A movement in Australia to introduce science, technology, engineering and math (STEM) skills to students as early as kindergarten is the right way to get them interested in these subjects, the team at building set toy company Click-A-Brick says.
In a column for the Canberra Times, school curriculum and technology integration specialist Dr. Jane Hunter of the School of Education at the University of Western Sydney wrote that if schools want children to become interested in the STEM fields as they grow, they’ll need to introduce these concepts in kindergarten.
“Beginning that skill and knowledge development in STEM with students in the very early years at school seems pressing. By all reports, it is too late once they have reached high school. … Piquing the curiosity of children in primary schools is where interest and skill development in STEM subjects must commence,” Hunter wrote.

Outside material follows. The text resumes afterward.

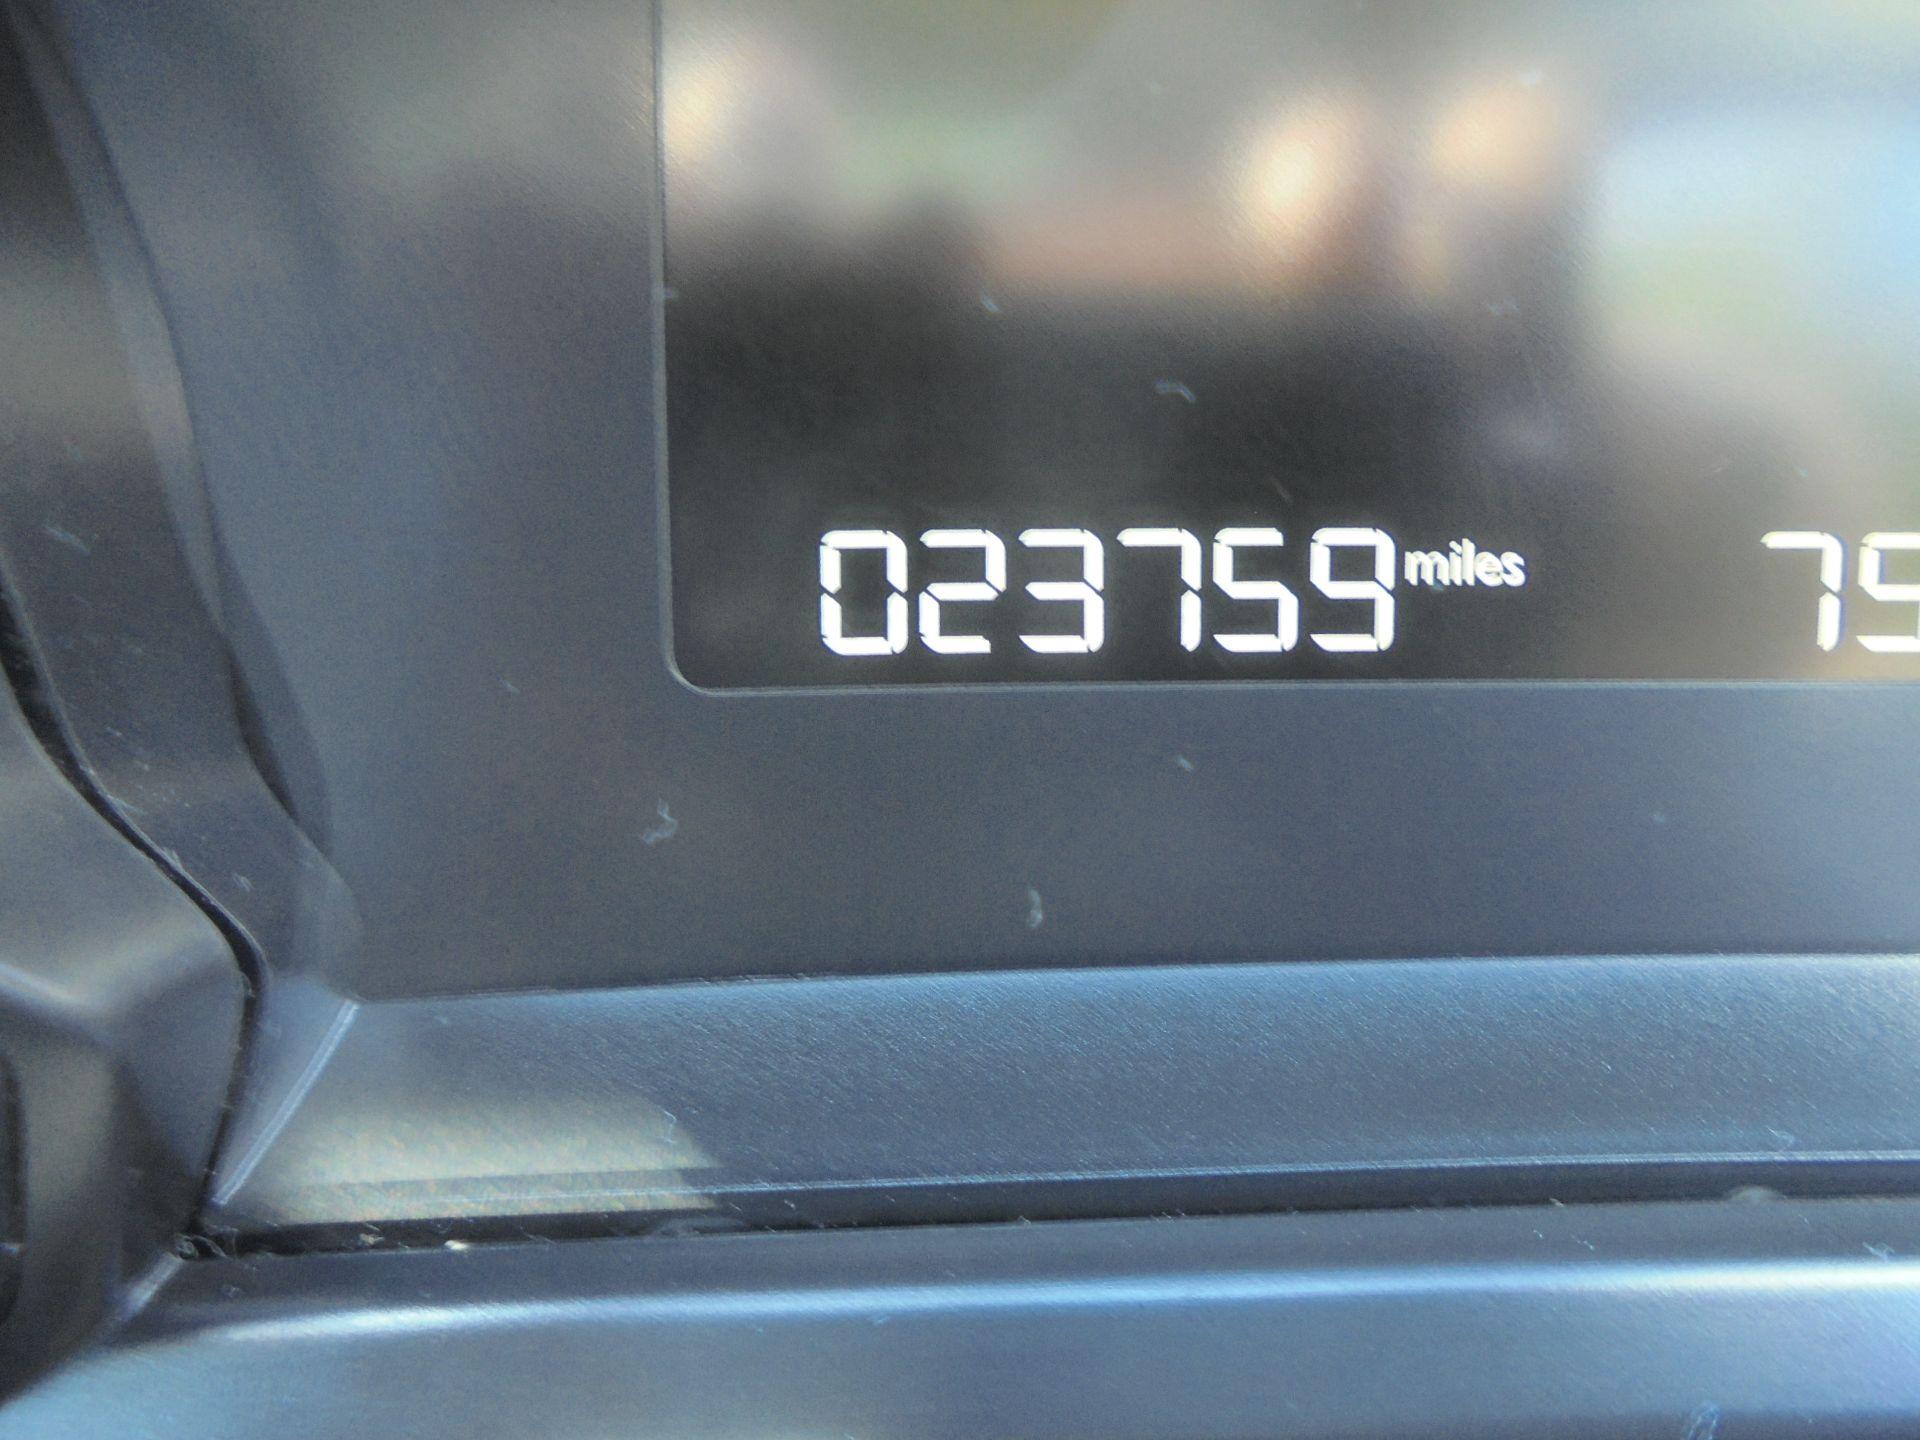 2018 Peugeot 308 1.5 Bluehdi 130 Allure 5Dr (NV18ZWP) Image 13

Hunter outlined a teaching workshop she participated in that, among other things, had students looking at the way objects move. As part of the lesson, kindergarten students observed how a certain toy moved and then took the toy apart to see why it moved the way it did. The students were “engrossed” by taking apart the toys to see what made them move, the curriculum expert said. The children also used mobile devices in their learning, using various apps that allowed them to animate photographs of objects they took pictures of.
The education specialist also said that the Australian government would need to put more funding into teacher professional development and upgrades to school software and hardware.

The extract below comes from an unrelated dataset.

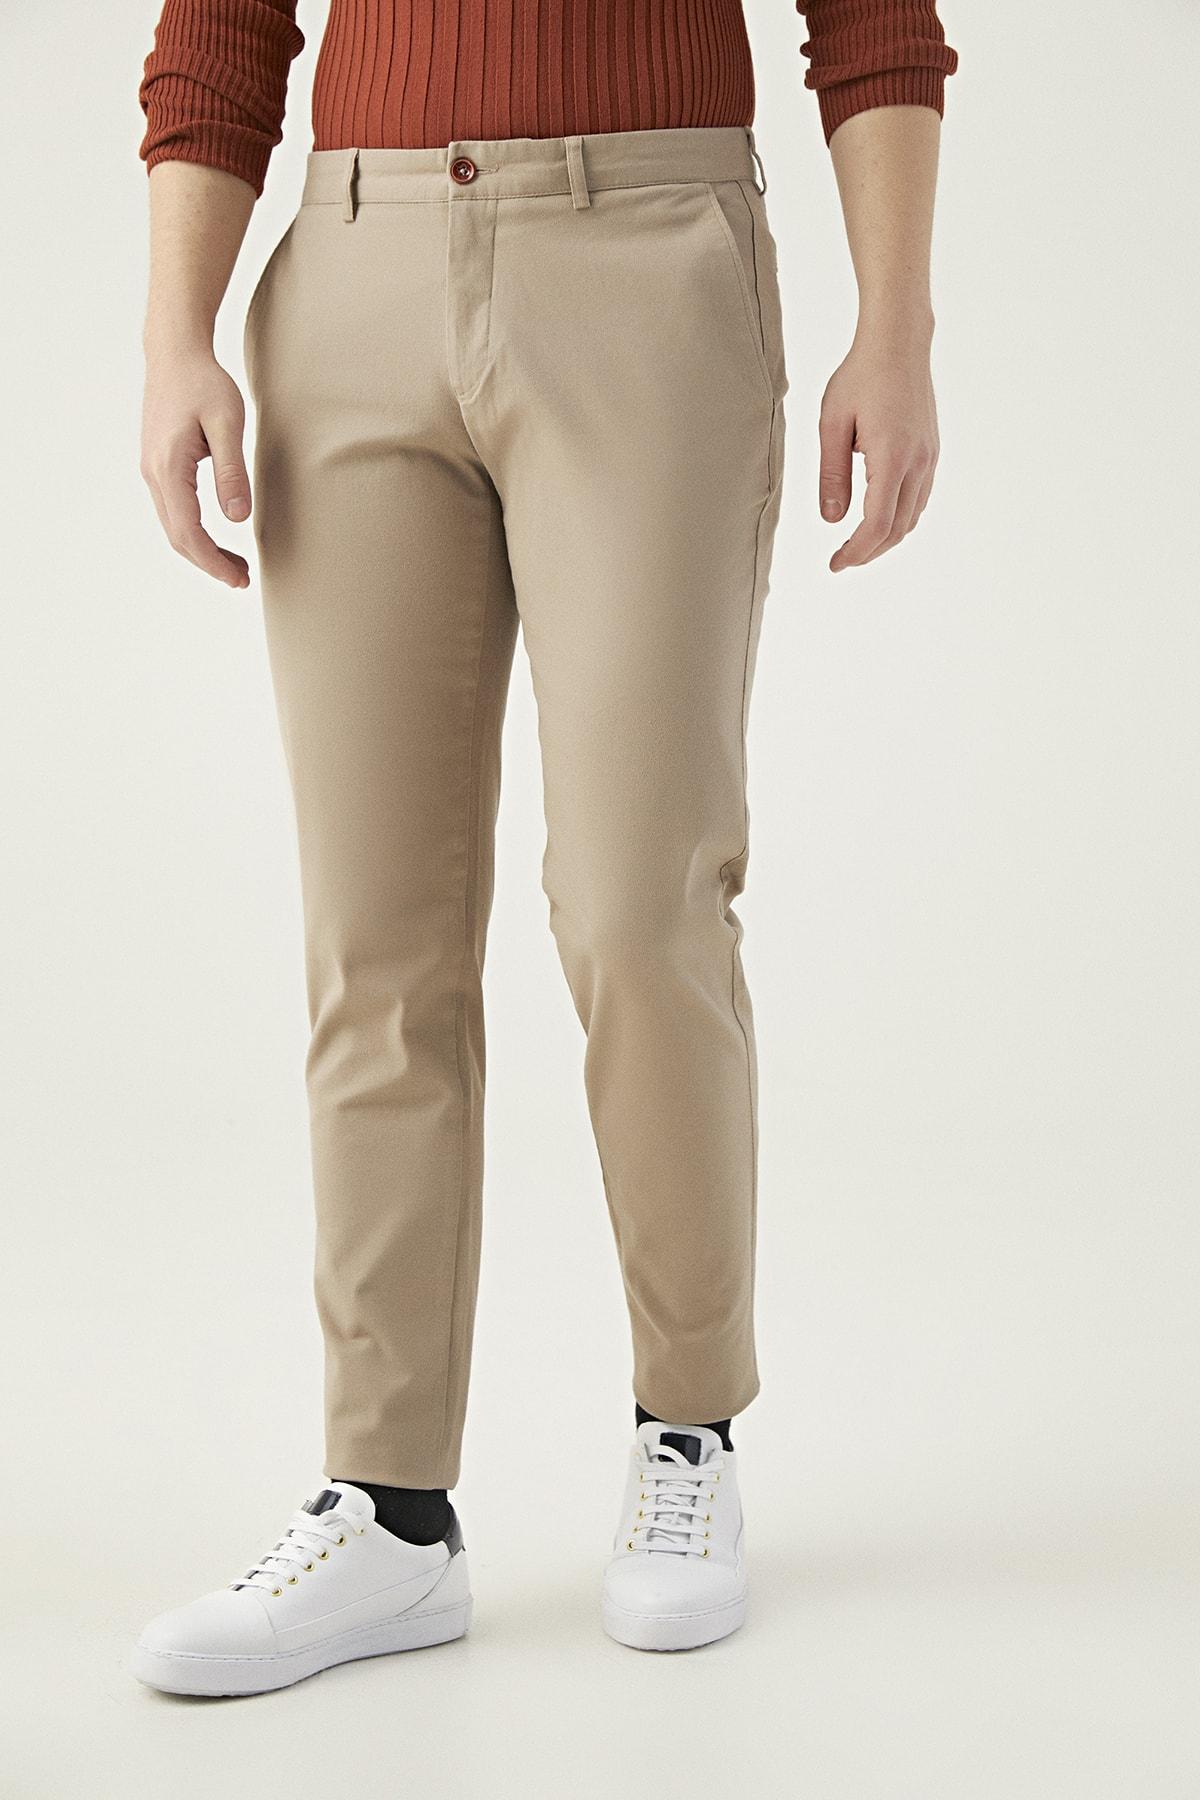 Twn Camel Renk Erkek  Pantolon (Slim Fit) 2

Starting students as young as kindergarten in STEM curriculum activities is the right way to introduce them to these important educational concepts, Click-A-Brick Co-Founders Jason Smith and Georg de Gorostiza say.

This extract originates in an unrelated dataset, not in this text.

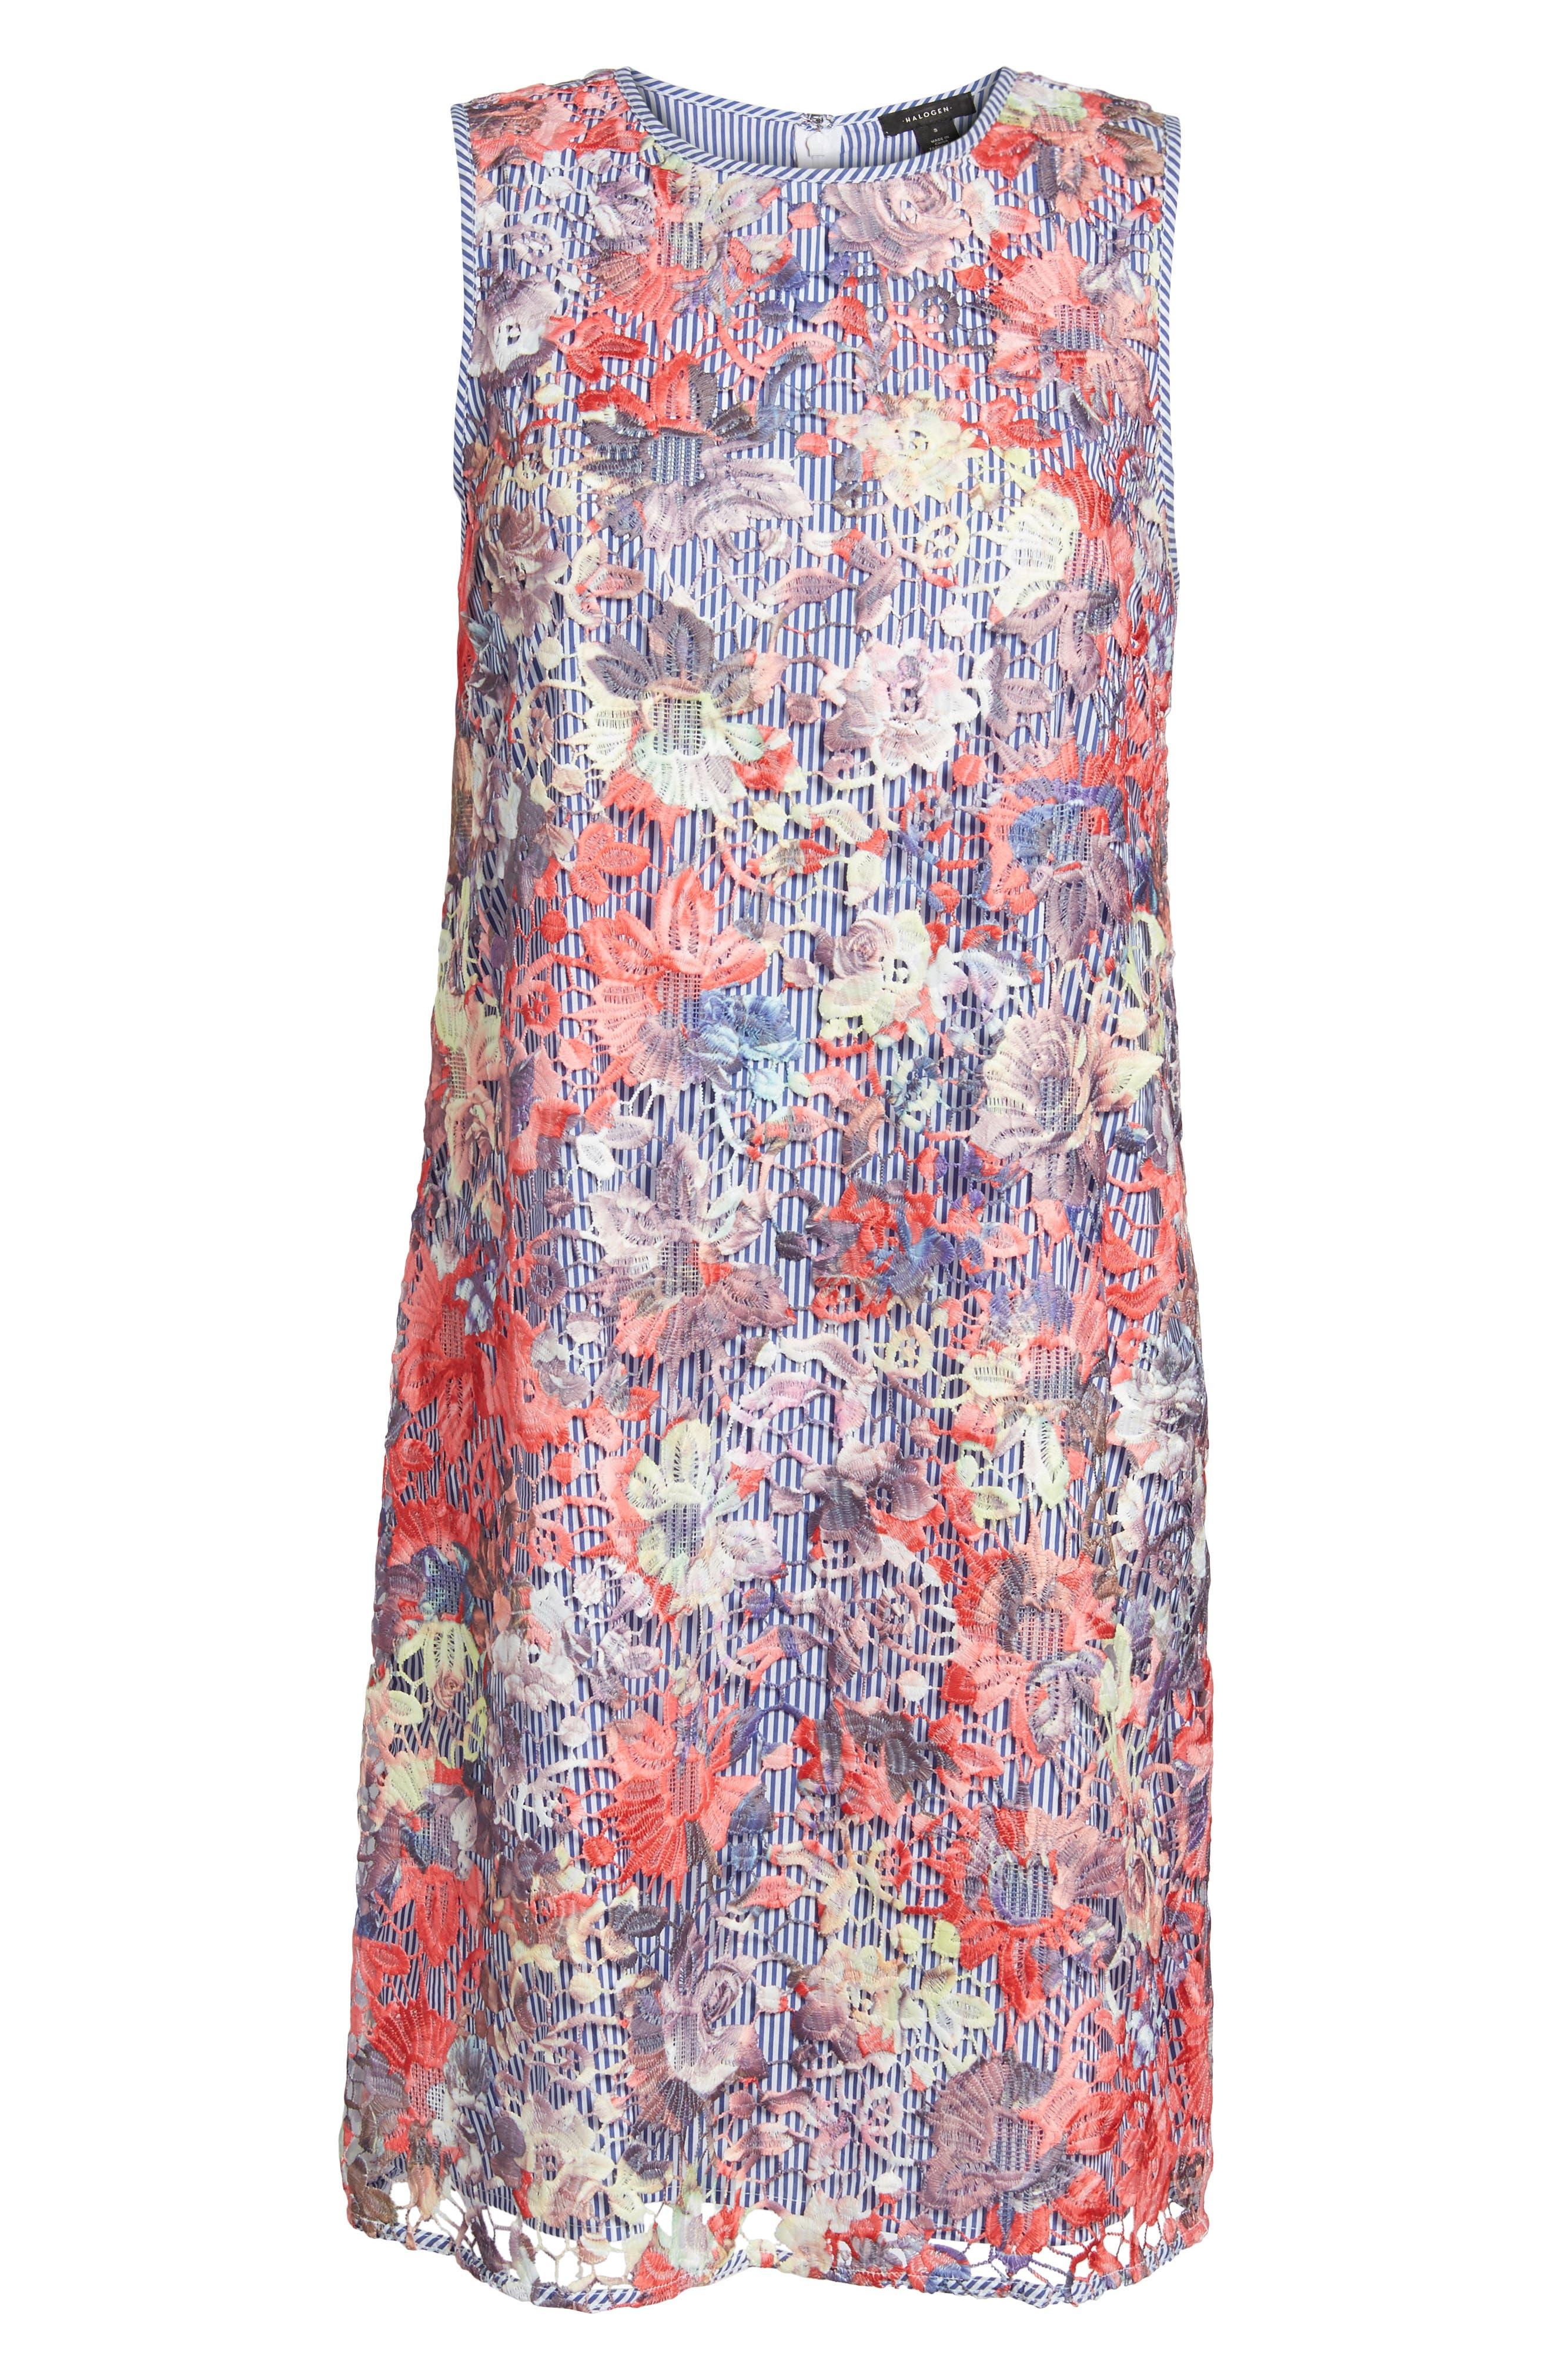 Lace Pinstripe Tank Dress,                             Alternate thumbnail 6, color,                             Coral Lace Pattern

“Introducing STEM curriculum in kindergarten will go a long way toward getting students interested in them,” Smith said. “It’s the perfect age to do it, really. People are never more curious about things and they never learn as easily as when they’re children. They want to know everything about everything and getting them doing little science experiments or discovering the way things work will use their already natural curiosity and learning capability to kickstart a real interest in these fields.”
Hunter concluded her column by saying “parents too must take their part in positively valuing and encouraging the study of STEM subjects at all levels of their child’s education.”
To help encourage an interest in the STEM fields even prior to kindergarten, parents can get the right toys for their children, the entrepreneurs say. Toys like building sets get children interested in the way things are put together and, together with the right curriculum at their school, can help spur interest in STEM skills.